This is very old news to any seasoned system or network administrator dealing with VMware/vSphere: the vSwitch and vNetwork Distributed Switch (vDS) do not support Link Aggregation Control Protocol (LACP). Multiple uplinks from the same physical server cannot be bundled into a Link Aggregation Group (LAG, also known as port channel) unless you configure static port channel on the adjacent switch’s ports.
When you use the default (per-VM) load balancing mechanism offered by vSwitch, the drawbacks caused by lack of LACP support are usually negligible, so most engineers are not even aware of what’s (not) going on behind the scenes.
Let’s start with the simplest possible topology: an ESX server connected to a switch with two parallel links. Ideally, the two parallel links would be placed in a LAG, or one of them would be blocked by STP. As vSwitch supports neither LACP nor STP, both links are active and forwarding loops in the network are prevented by vSwitch’s split horizon switching.

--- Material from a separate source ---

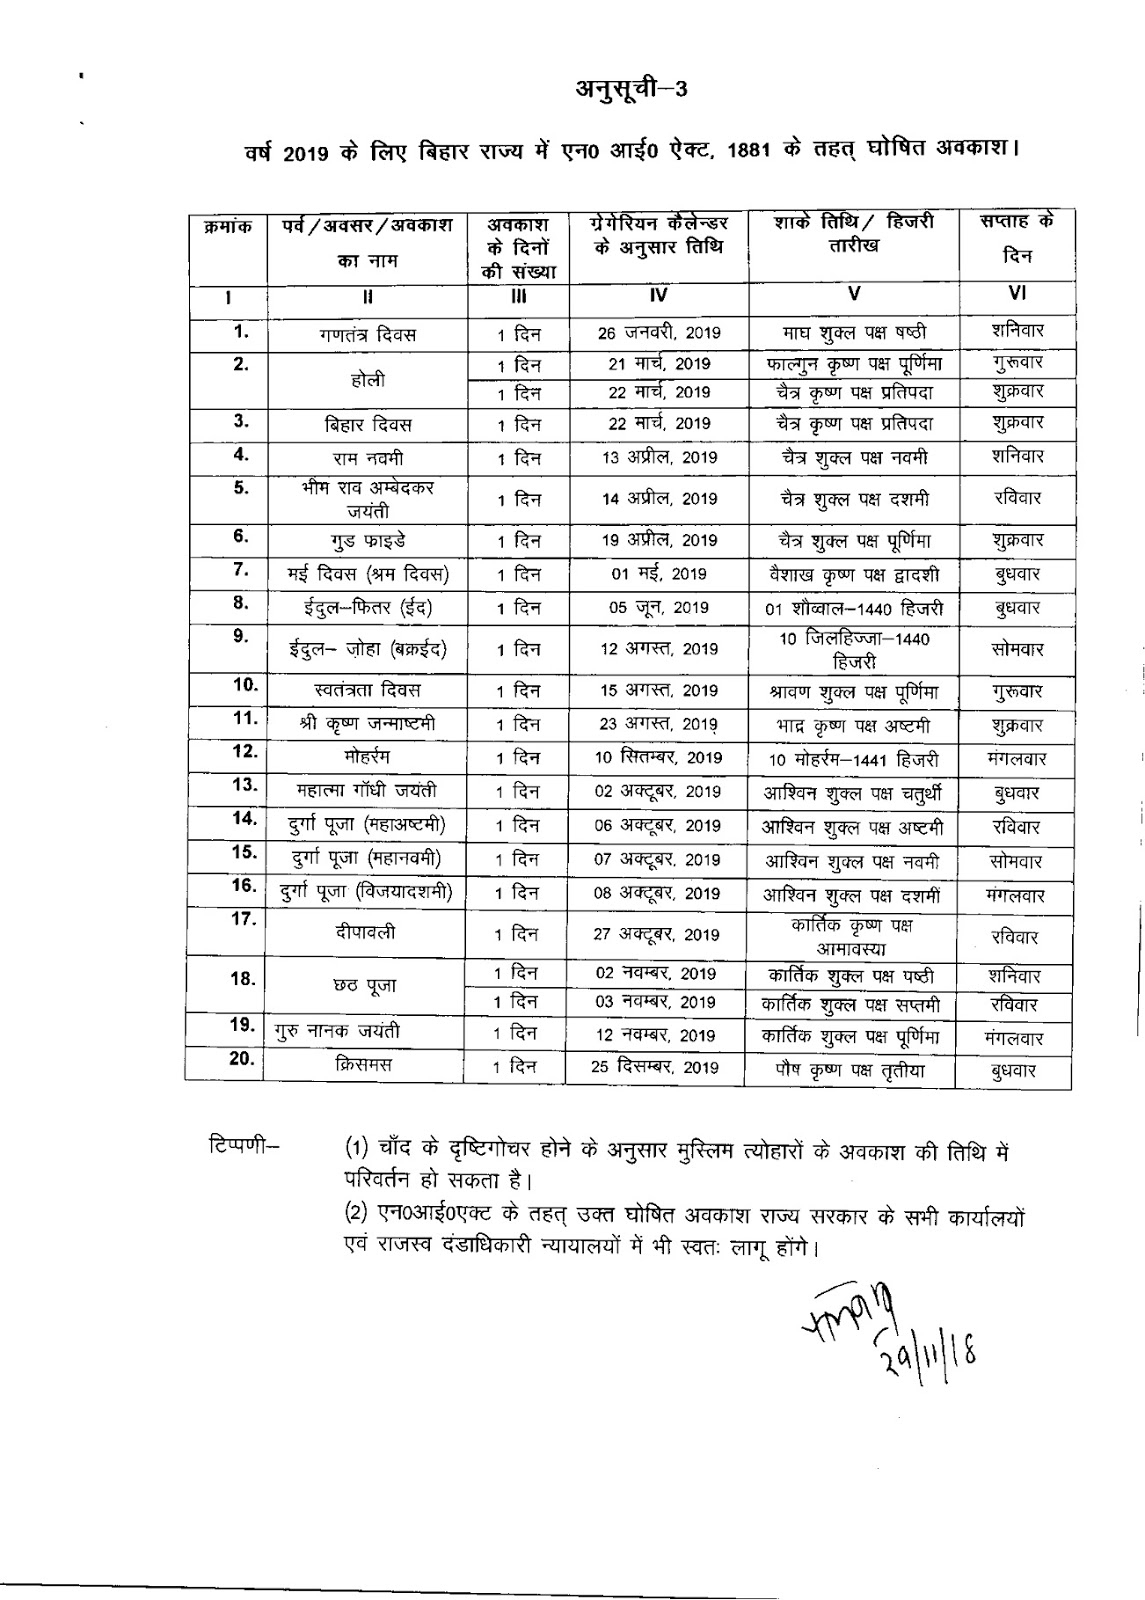 Bihar Government Calendar 2019 #educratsweb for Bihar Sarkar Calender 2020

The upstream switch is not aware that the two parallel links terminate in the same physical device. It considers them connected to two separate hosts (or switches) and uses the standard source-MAC-address-based learning to figure out how to forward data to virtual machines A-D. Assuming that the VMs A and B use the first uplink and C and D use the second one, the switch builds the following view of the network in its MAC address table:
The split view of the ESX server is not a bad idea as long as the vSwitch performs per-VM load balancing – MAC address table is stable and all traffic flows are symmetrical; the only drawback is limited load balancing capability – a single VM can never use both links.
Do we really need static LAG?
The behavior of our small network becomes more erratic if we enable IP-hash-based load balancing on the vSwitch. All of a sudden the same source MAC address starts appearing on both links (the same VM can use both links for different TCP or UDP sessions) and the MAC address table on the switch becomes “somewhat” more dynamic.
VMware recommends enabling static LAG on the switch in combination with per-session vSwitch load balancing. This recommendation makes perfect sense, as it prevents MAC address table trashing, but it also disables detection of LAG wiring/configuration errors.
Update 2011-01-26 (based on readers’ comments)
Without synchronized ESX-switch configuration you can experience one of the following two symptoms:
- Enabling static LAG on the physical switch (pSwitch), but not using IP-hash-based load balancing on vSwitch: frames from the pSwitch will arrive to ESX through an unexpected interface and will be ignored by vSwitch. Definitely true if you use active/standby NIC configuration in vSwitch, probably also true in active/active per-VM-load-balancing configuration (need to test it, but I suspect loop prevention checks in vSwitch might kick in).
- Enabling IP-hash-based load balancing in vSwitch without corresponding static LAG on the pSwitch: pSwitch will go crazy with MACFLAP messages and might experience performance issues and/or block traffic from the offending MAC addresses (Duncan Epping has experienced a nice network meltdown in a similar situation).